In China, Deng Xiaoping’s 1978 reforms dismantled totalitarian government controls. This included establishing market-based Special Economic Zones (SEZs). In them, taxes were low. Regulations were clear and limited. SEZs became islands of economic freedom within the borders of a totalitarian China. Market-based economic reforms unleashed entrepreneurship and attract foreign investment.
South Korea’s rapid growth under Park Chung-Hee relied on state-backed conglomerates. The state offered export incentives, backed by infrastructure development and legal certainty. Private investment soared. According to estimates, South Korea’s GDP per capita is between 17 and 30 times higher than that of North Korea. North Korea, a totalitarian interventionist state, is forever poor.
The basis of Japan’s post-war economic miracle was pro-market reforms. The Japanese government reduced government controls, encouraging market competition.
Hong Kong, once an economic backwater, became a global financial hub. It combined laissez-faire economic policies with strategic investments. These included infrastructure, public housing, education, and anti-corruption measures. Its administration followed a deliberate non-interventionist approach. Local and global entrepreneurship thrived. Hong Kong became the world's freest economy. Skyscrapers replaced its boat-dwelling past.
The interventionists are right, government intervention worked! But here is the thing. In their examples the governments intervened to reduce intervention! Increased economic freedom led to soaring domestic and foreign investment. Creating environments for domestic and foreign businesses to thrive, created millions of jobs.
South Africa's government must “intervene” to free the economy, not to control it.
The unseen
We do not see the cost of government intervention in the economy. It is the prosperity not created. We do not see the businesses that do not exist because of high taxes and economic regulations. We do not see the jobs not created because of ownership and employment quotas. We do not see the food not produced because of threats of expropriation. We do not see the houses not built because jobless people do not have money to buy houses.
Prosperity happens when the citizens and businesses produce, invent, and trade. For that, they need less government intervention and more economic freedom.
Entrepreneurs create jobs when they are free to decide what businesses to establish. Only they know what jobs to offer and to whom. Individuals are better off when they can decide what work they want to do, who to work for, and at what price. The government and its agencies do not interfere in their decisions.
Businesses use the knowledge and skills of their owners, managers, and employees.

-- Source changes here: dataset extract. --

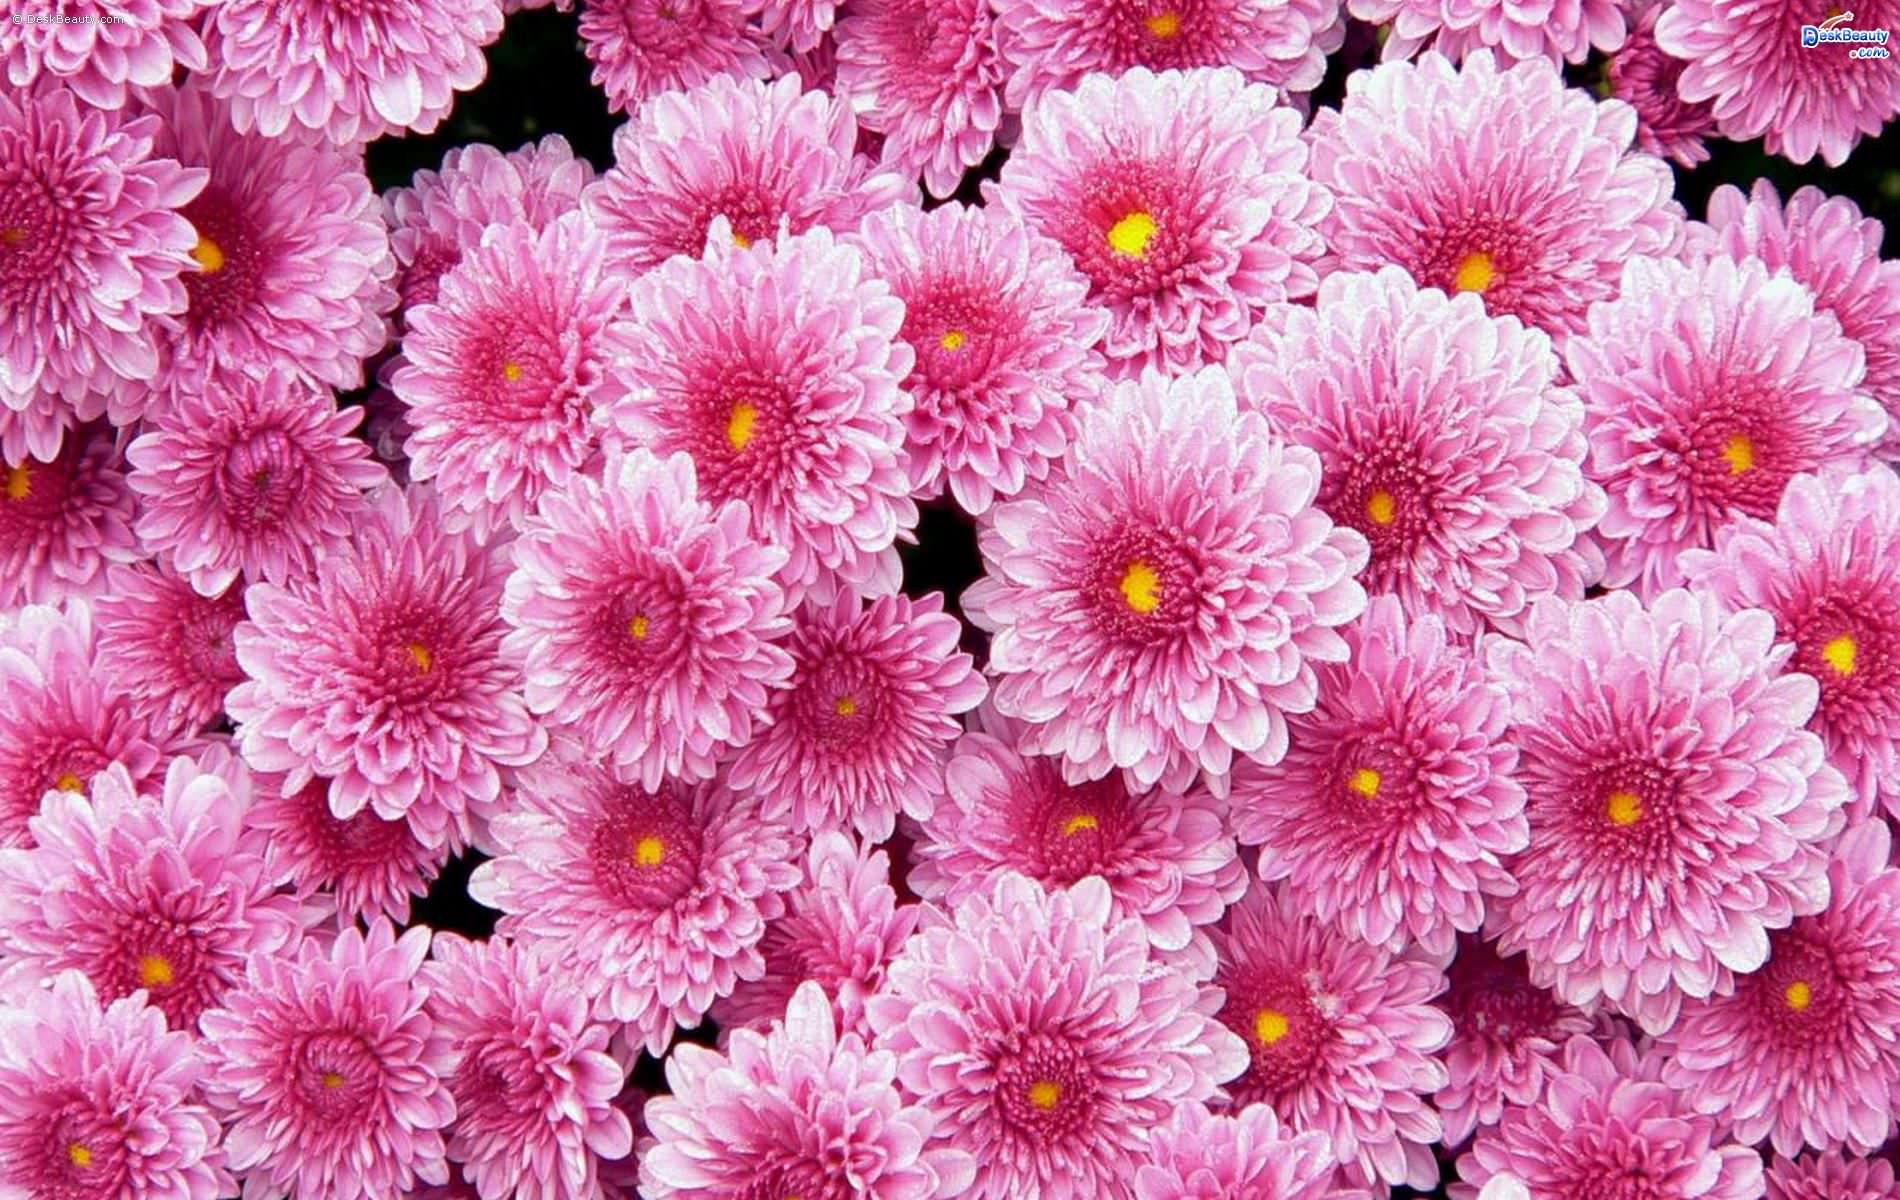 166+ Flower Backgrounds, Wallpapers, Pictures, Images | Design Trends

They act on real time information, like price signals and sales volumes. This enables quick decision-making and adapting to changed conditions. When a business makes mistakes or misreads the market, it, not the taxpayers, bears the cost.
We fool ourselves believing the government can create productive jobs. Government jobs come at the expense of private sector jobs. Nobody, not even the cleverest economist, knows what the economy should look like. No one knows what and how many jobs there should be.
Government officials and policy makers are distant from economic realities. They make low-information decisions, hampered by bureaucracy and political constraints. When the government gets it wrong, the citizens lose. The jobs not created, and services not delivered, are unseen.
Less intervention, more jobs
To bring prosperity to all, South Africa's economy must create jobs. The government’s obsession with race-based ownership and employment targets limits job creation. These, as well as the threat of expropriation, must be abandoned. When there is rapid job creation, race gender, and ownership issues will fall away.
Only a high-growth, job- creating economy can solve South Africa’s employment problems.
Johan Biermann is a city planner and policy researcher, and an associate of the Free Market Foundation. He is the author of Undermining Mineral Rights - An International Comparison, and South Africa's Healthcare Under Threat.